Azure Purview pricing

Azure Purview enables a unified governance experience by providing a single pane of glass for managing data governance by enabling automated scanning and classifying data at scale.

Why do you need to understand the components of the Azure Purview pricing?

  • While the pricing for Azure Purview is on a subscription-based Pay-As-You-Go model, there are various dimensions that you can consider while budgeting for Azure Purview
  • This guideline is intended to help you plan the budgeting for Azure Purview by providing a view on the various control factors that impact the budget

Factors impacting Azure Pricing

There are direct and indirect costs that need to be considered while planning the Azure Purview budgeting and cost management.

Direct costs

Direct costs impacting Azure Purview pricing are based on the following three dimensions:

  • Elastic data map
  • Automated scanning & classification
  • Advanced resource sets

Elastic data map

  • The Data map is the foundation of the Azure Purview architecture and so needs to be up to date with asset information in the data estate at any given point

  • The data map is charged in terms of Capacity Unit (CU). The data map is provisioned at one CU if the catalog is storing up to 10 GB of metadata storage and serves up to 25 data map operations/sec

  • While provisioning an account initially, the data map is always provisioned at one CU

  • However, the data map scales automatically between the minimal and maximal limits of that elasticity window, to cater to changes in the data map with respect to two key factors - operation throughput and metadata storage

Operation throughput
  • An event driven factor based on the Create, Read, Update, Delete operations performed on the data map
  • Some examples of the data map operations would be: - Creating an asset in Data Map - Adding a relationship to an asset such as owner, steward, parent, lineage - Editing an asset to add business metadata such as description, glossary term - Keyword-search returning results to search result page - Importing or exporting information using API
  • If there are multiple queries executed on the Data Map, the number of I/O operations also increases resulting in the scaling up of the data map
  • The number of concurrent users also forms a factor governing the data map capacity unit
  • Other factors to consider are type of search query, API interaction, workflows, approvals, and so on
  • Data burst level
    • When there is a need for more operations/second throughput, the Data map can autoscale within the elasticity window to cater to the changed load
    • This constitutes the burst characteristic that needs to be estimated and planned for
    • The burst characteristic comprises the burst level and the burst duration for which the burst exists
      • The burst level is a multiplicative index of the expected consistent elasticity under steady state
      • The burst duration is the percentage of the month that such bursts (in elasticity) are expected because of growing metadata or higher number of operations on the data map
Metadata storage
  • If the number of assets reduces in the data estate, and are then removed in the data map through subsequent incremental scans, the storage component automatically reduces and so the data map scales down

Automated scanning & classification

  • A full scan processes all assets within a selected scope of a data source whereas an incremental scan detects and processes assets, which have been created, modified, or deleted since the previous successful scan

  • All scans (full or Incremental scans) will pick up updated, modified, or deleted assets

  • It is important to consider and avoid the scenarios when multiple people or groups belonging to different departments set up scans for the same data source resulting in additional pricing for duplicate scanning

  • Schedule frequent incremental scans post the initial full scan aligned with the changes in the data estate. This will ensure the data map is kept up to date always and the incremental scans consume lesser v-core hours as compared to a full scan

  • The “View Details” link for a data source will enable users to run a full scan. However, consider running incremental scans after a full scan for optimized scanning excepting when there is a change to the scan rule set (classifications/file types)

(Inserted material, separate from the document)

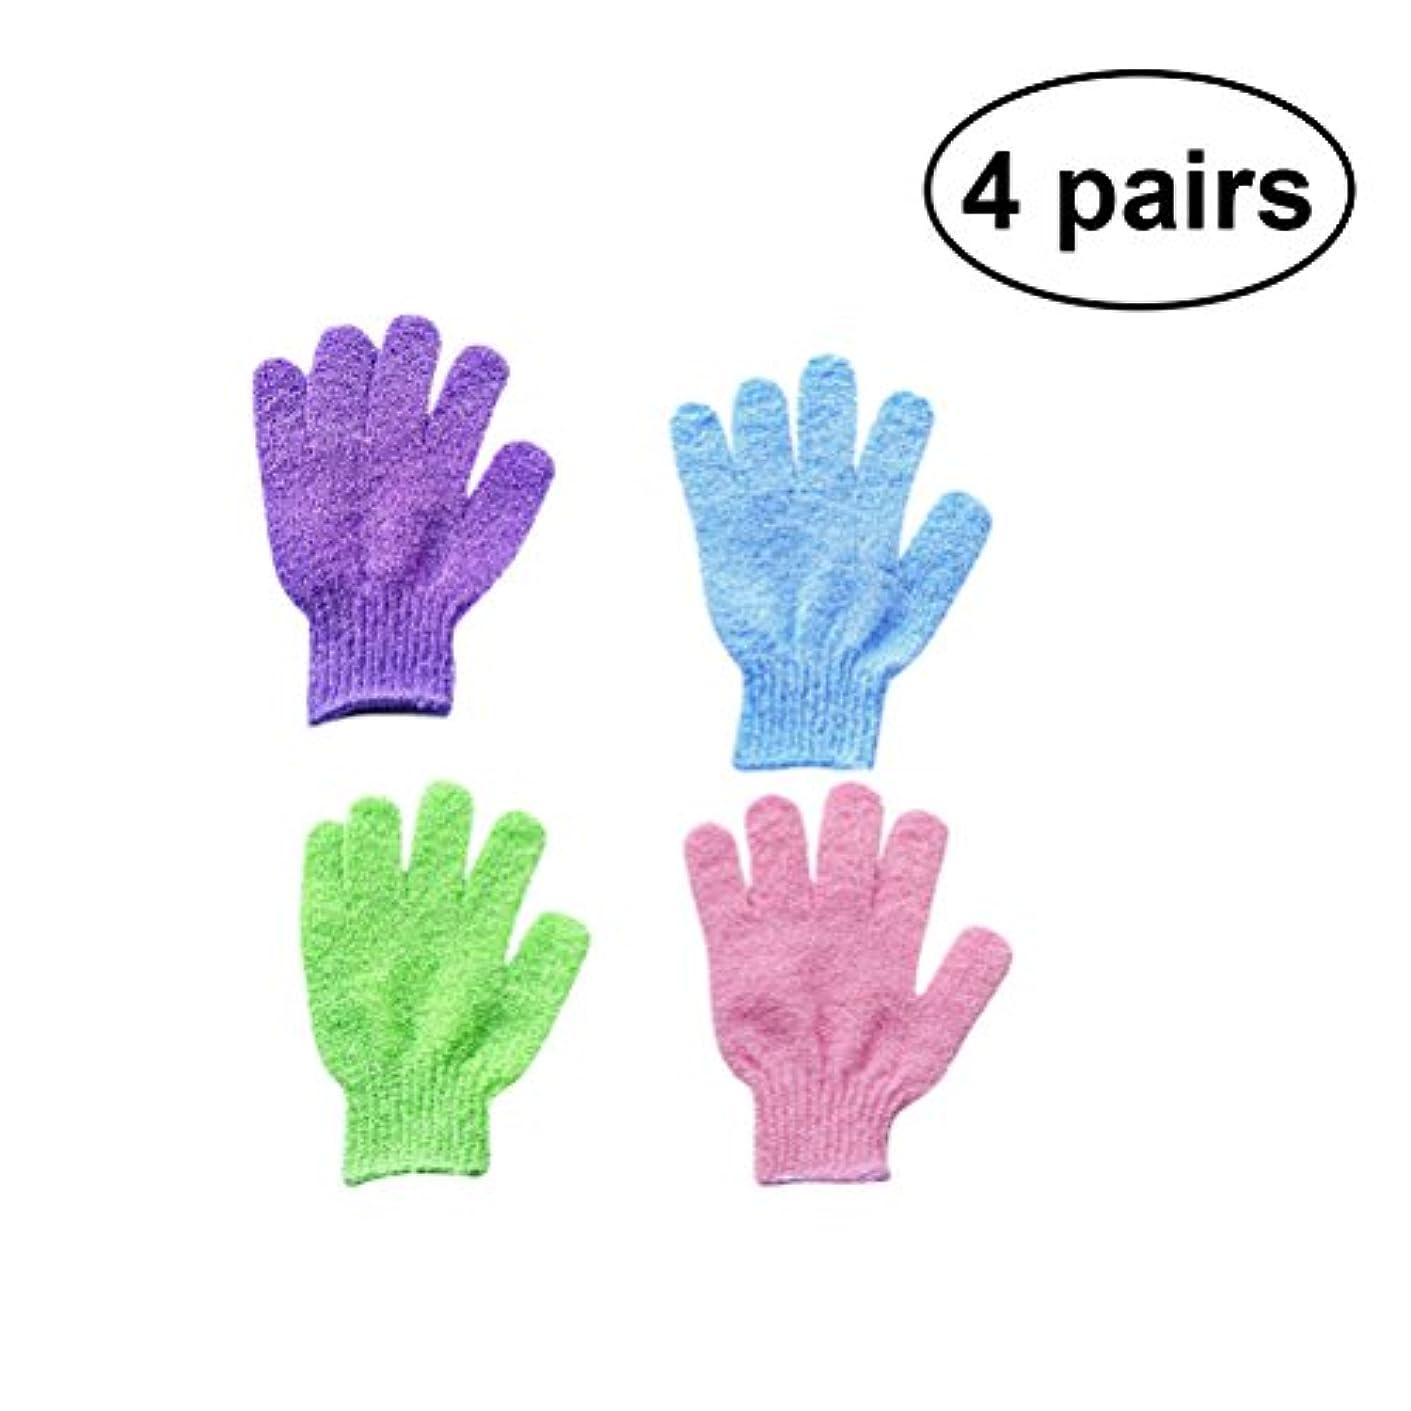 キリスト教納税者汚れるHealifty 4 Pairs Exfoliating Bath Gloves Shower Mitts Exfoliating Body Spa Massage Dead Skin Cell Remover

  • Register the data source at a parent collection and Scope scans at child collection with different access controls to ensure there are no duplicate scanning costs being entailed

  • Curtail the users who are allowed to register data sources for scanning through fine grained access control and Data Source Administrator role using Collection authorization. This will ensure only valid data sources are allowed to be registered and scanning v-core hours is controlled resulting in lower costs for scanning

  • Consider that the type of data source and the number of assets being scanned impact the scan duration

  • Create custom scan rule sets to include only the subset of file types available in your data estate and classifications that are relevant to your business requirements to ensure optimal use of the scanners

  • While creating a new scan for a data source, follow the order of preparation recommended before actually running the scan. This includes gathering the requirements for business specific classifications and file types (for storage accounts) to enable appropriate scan rule sets to be defined to avoid multiple scans and control unnecessary costs for multiple scans through missed requirements

  • Align your scan schedules with Self-Hosted Integration Runtime (SHIR) VMs (Virtual Machines) size to avoid extra costs linked to virtual machines

Advanced resource sets

  • Azure Purview uses resource sets to address the challenge of mapping large numbers of data assets to a single logical resource by providing the ability to scan all the files in the data lake and find patterns (GUID, localization patterns, etc.) to group them as a single asset in the data map

  • Advanced Resource Set is an optional feature, which allows for customers to get enriched resource set information computed such as Total Size, Partition Count, etc., and enables the customization of resource set grouping via pattern rules. If Advanced Resource Set feature is not enabled, your data catalog will still contain resource set assets, but without the aggregated properties. There will be no "Resource Set" meter billed to the customer in this case.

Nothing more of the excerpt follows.